Ни разу в жизни я не чувствовал себя хуже. Вероятно, у меня был сильный жар — половину происходившего я не запомнил. В сознании отпечатались две фигуры юных инвалидов, встревожено глядевших на меня из дверного проема. Я был, наверно, жалок, пытаясь приветственно помахать им бледной костлявой рукой. Той же ночью кто-то из них вернулся, потому что ближе к утру я проснулся, оттого что почувствовал под ногами бутылку с горячей водой. Помню одно, самое призрачное, видение: рядом со мной лежит Эмили, одетая, обвив меня руками и ногами, чтобы согреть, и ритмично трется своим бедром о мое, мило воркуя и целуя мои заросшие щеки.

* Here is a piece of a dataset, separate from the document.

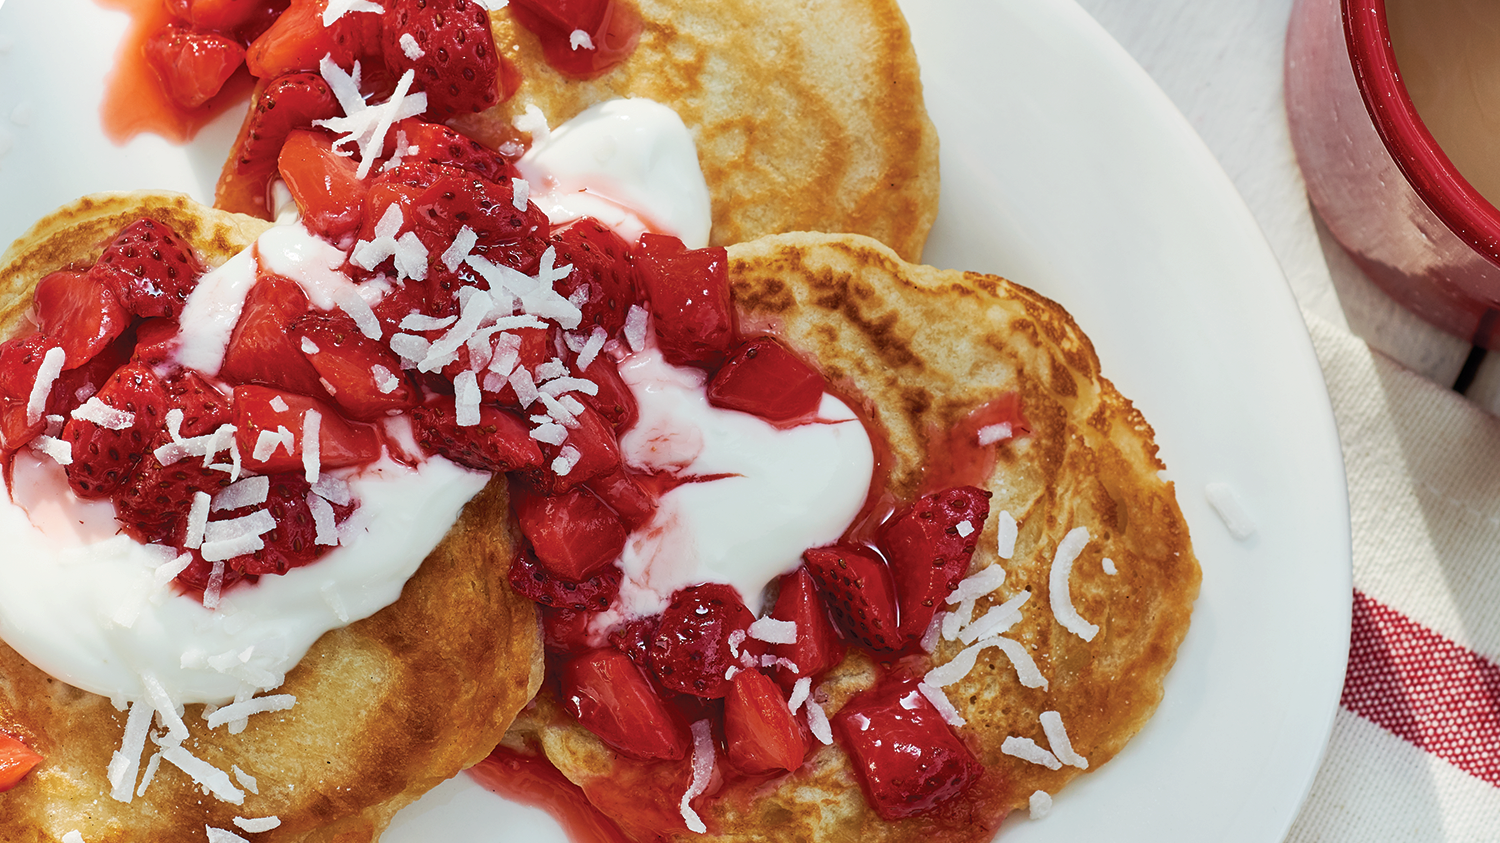 Coconut Pancakes & Strawberry Compote

Несколько дней спустя я обнаружил, что все еще жив. Поднявшись со своей убогой постели, я не рухнул обратно. Слабость чувствовалась, но на ногах я держался крепко и голова была ясная. Меня будто подвергли физическому насилию, выскребли из собственной шкуры и засунули в новую — такие примерно были ощущения. Рассматривая себя в антикварном серебряном зеркальце, я увидел тощего изможденного субъекта — в глазах, однако, просвечивал ум. Я сделал вывод, что пережил кризис, явившийся проверкой на духовную крепость, а гнусные вирусы тут ни при чем. В голове и теле — худом, подвижном — появилась непривычная легкость. У постели лежал черствый сэндвич и стоял стакан замерзшего молока. Поблескивали выстроившиеся в ряд банки, служившие мне ночными горшками, — они были пусты. Солнце, проникавшее через круглое слуховое окно, изобразило на полу чердака свое продолговатое радужное подобие.

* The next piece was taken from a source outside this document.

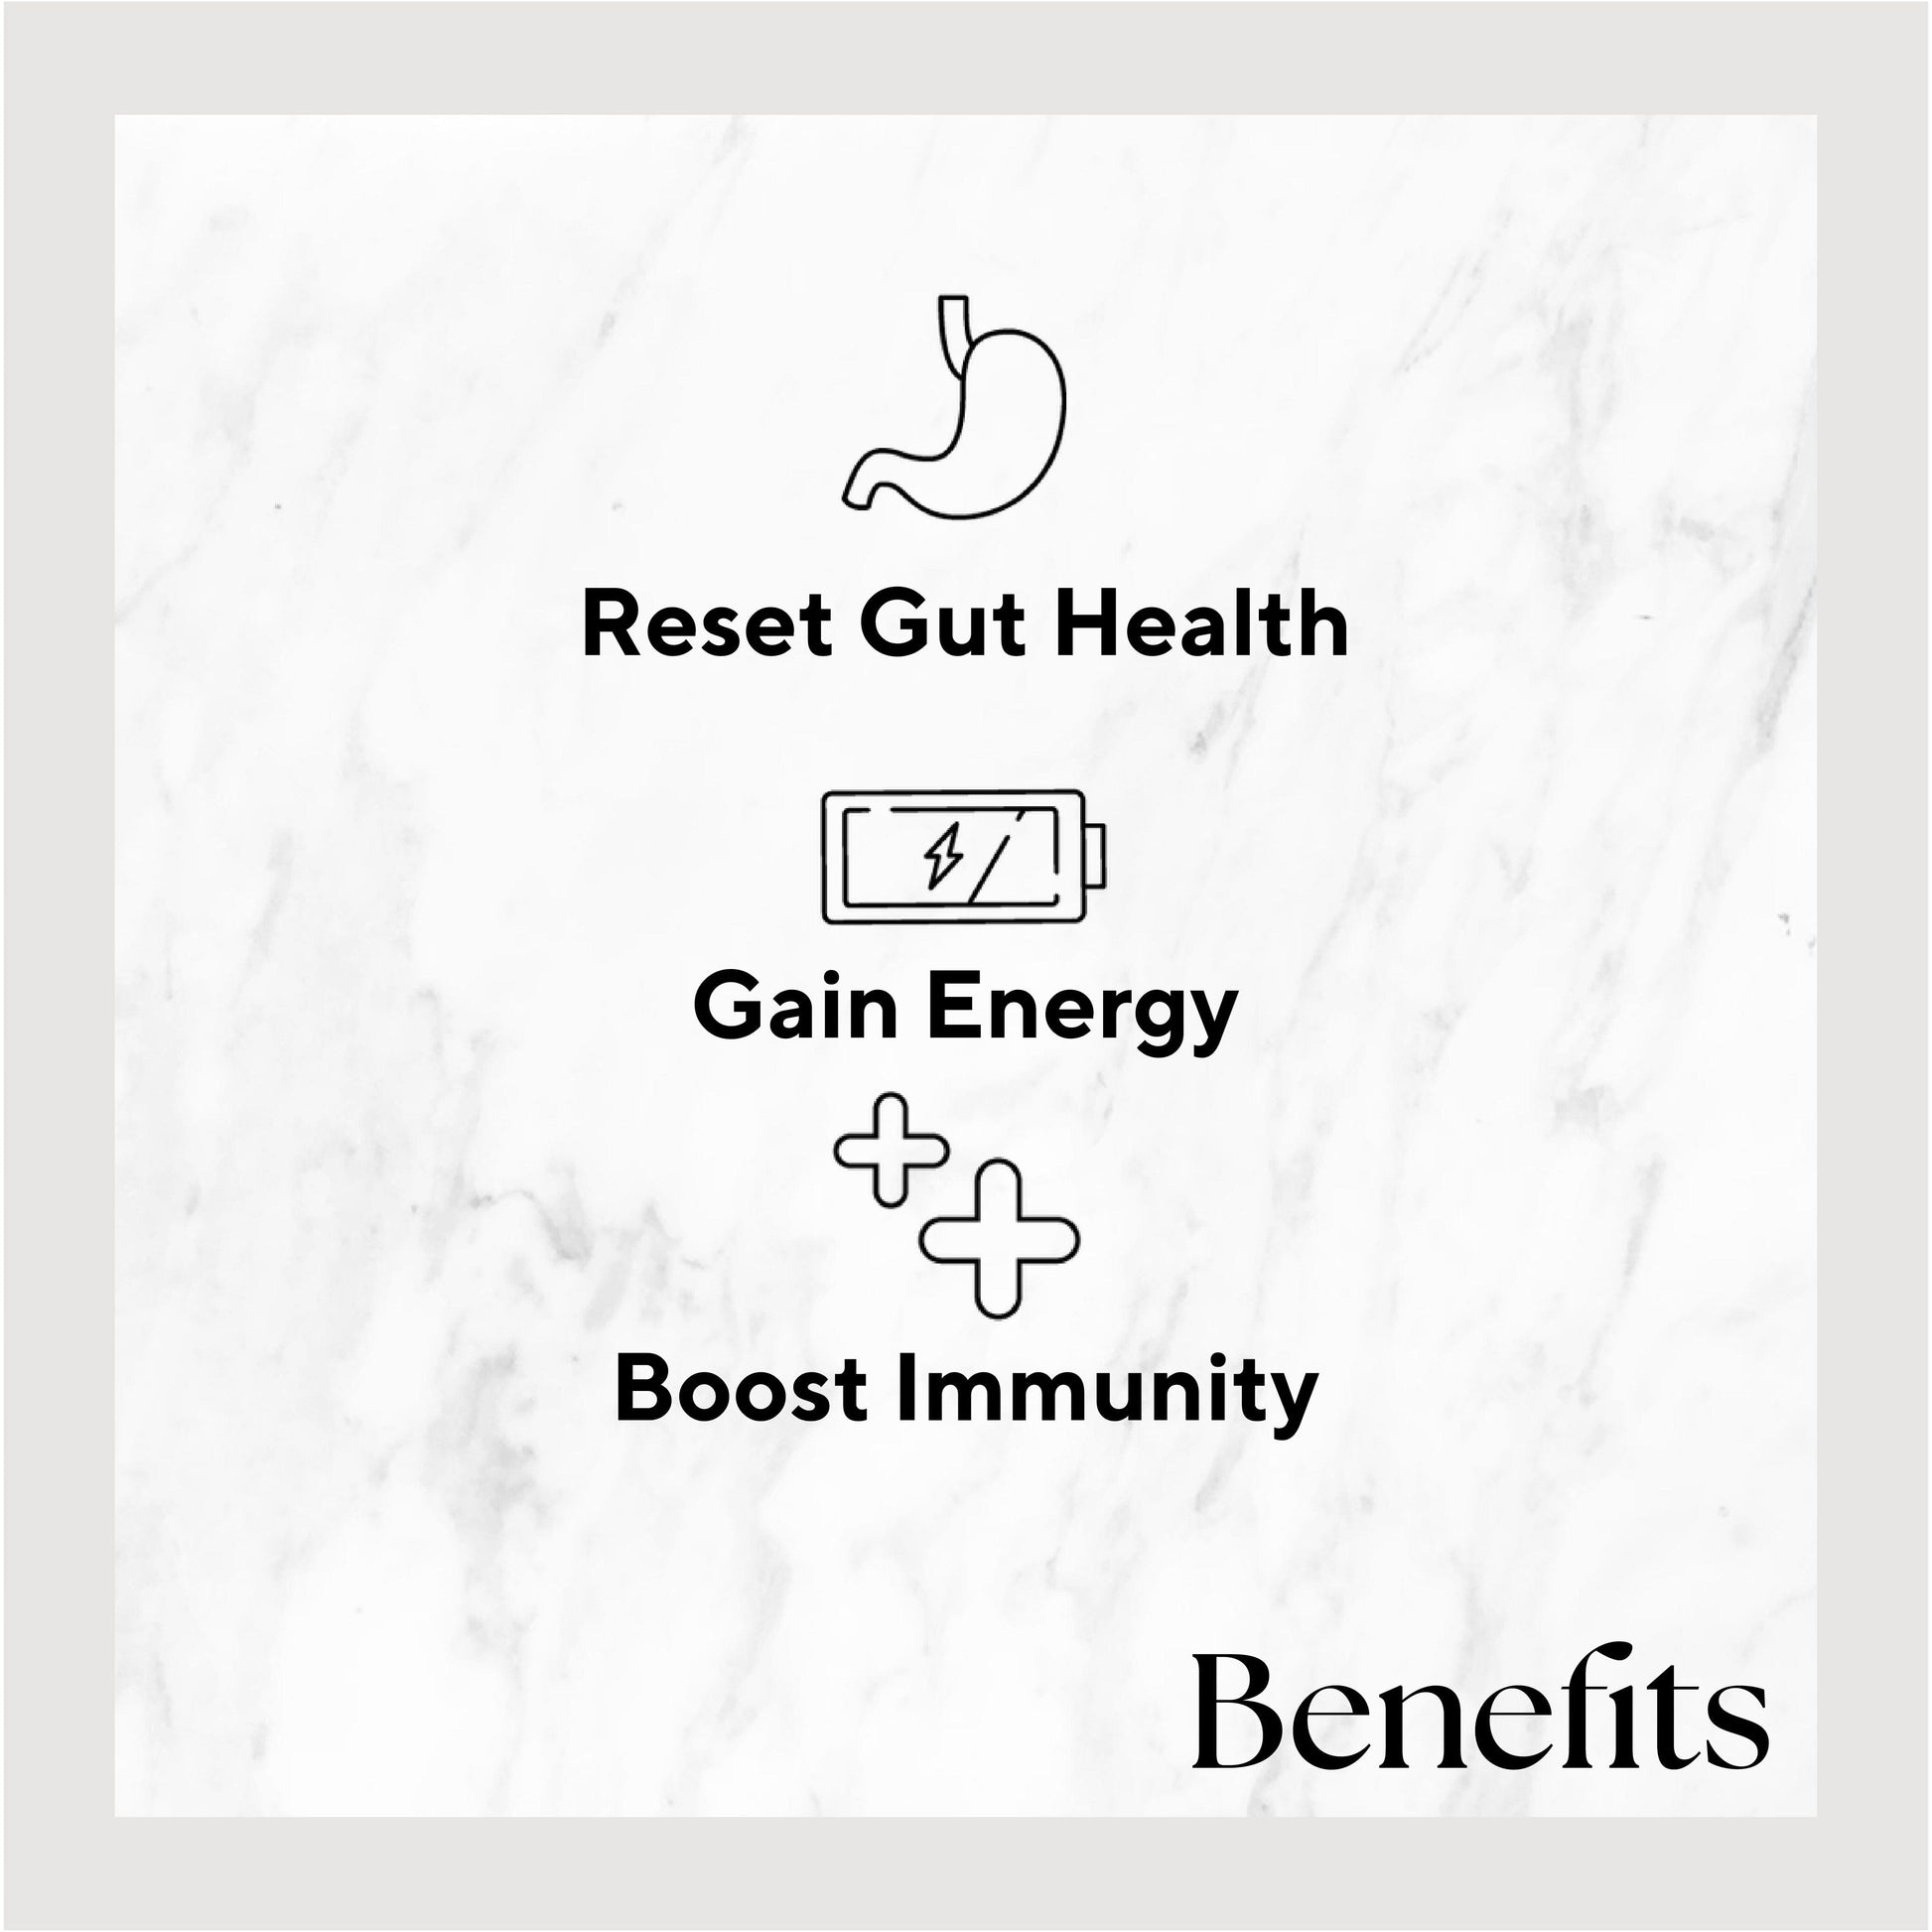 Infographic listing benefits of the product. Benefits include: Reset Gut Health, Gain Energy, and Boost Immunity.

Плотно запахнув пальто, я выбрался наружу, на чистый холодный воздух зимнего утра, и осторожно, чтобы не поскользнуться на обледенелых ступеньках, сошел вниз. Бамбуковые кусты сковал чистый лед. Я поискал взглядом моих друзей, но на снегу во дворе Сондервана не обнаружил ни одного следа. Из печной трубы не шел дым, у заднего крыльца не горели фонари, которые раньше не выключались круглые сутки. Выходит, все уехали, все до единого: и пациенты, и обслуга. Разве принято увозить душевнобольных из клиники на время рождественских каникул? Или, может, соседям, недовольным маленьким санаторием Сондервана, удалось отстоять в суде свои интересы? А что сам доктор? Вернулся к практике в Нью-Йорке? Ответов не было.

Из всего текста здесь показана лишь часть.